This question is best answered by what questions you should NOT ask. As the Frequently Asked Questions (FAQ) section says: "You should only ask practical, answerable questions based on actual problems that you face. Chatty, open-ended questions diminish the usefulness of our site and push other questions off the front page."

It seems like you are asking how to ask subjective questions on this site. You might want to read this blog post from the Stack Exchange blog on "Good Subjective, Bad Subjective." The post refers to the following six guidelines for drafting subjective questions:

  1. Great subjective questions inspire answers that explain “why” and “how”.
  2. Great subjective questions tend to have long, not short, answers.
  3. Great subjective questions have a constructive, fair, and impartial tone.
  4. Great subjective questions invite sharing experiences over opinions.
  5. Great subjective questions insist that opinion be backed up with facts and references.
  6. Great subjective questions are more than just mindless social fun.

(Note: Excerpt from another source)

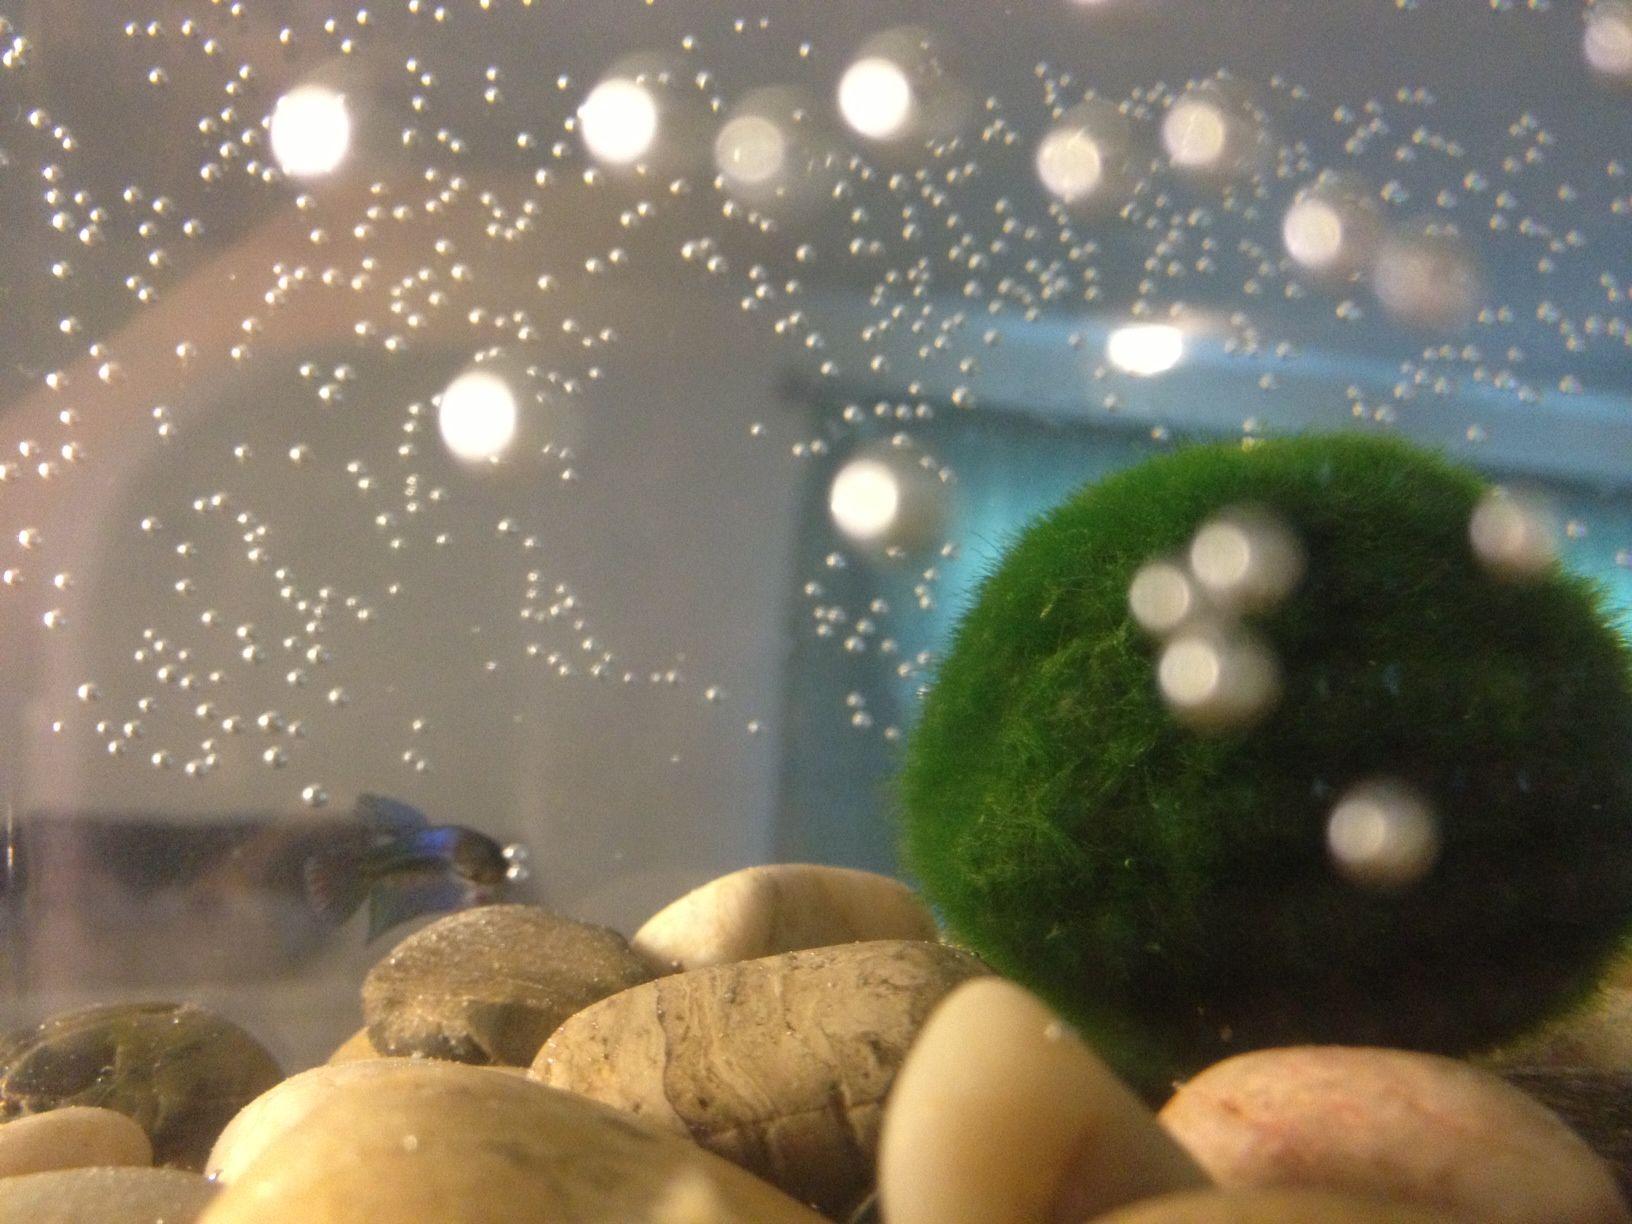 My new tank baby betta fish with marimo moss ball for Baby betta fish

If you are asking questions about what was more important between a set of things that isn't a good fit for the site. This site tries to focus on questions that can be answered objectively by referencing historical facts. Sometimes you may notice that questions ask "what were the factors that contributed to this event," that may seem like a subjective question, because it is in part. However, that question differs from asking what is important, because it invites the person who answers to answer with factors, but not to make judgment calls amongst those factors.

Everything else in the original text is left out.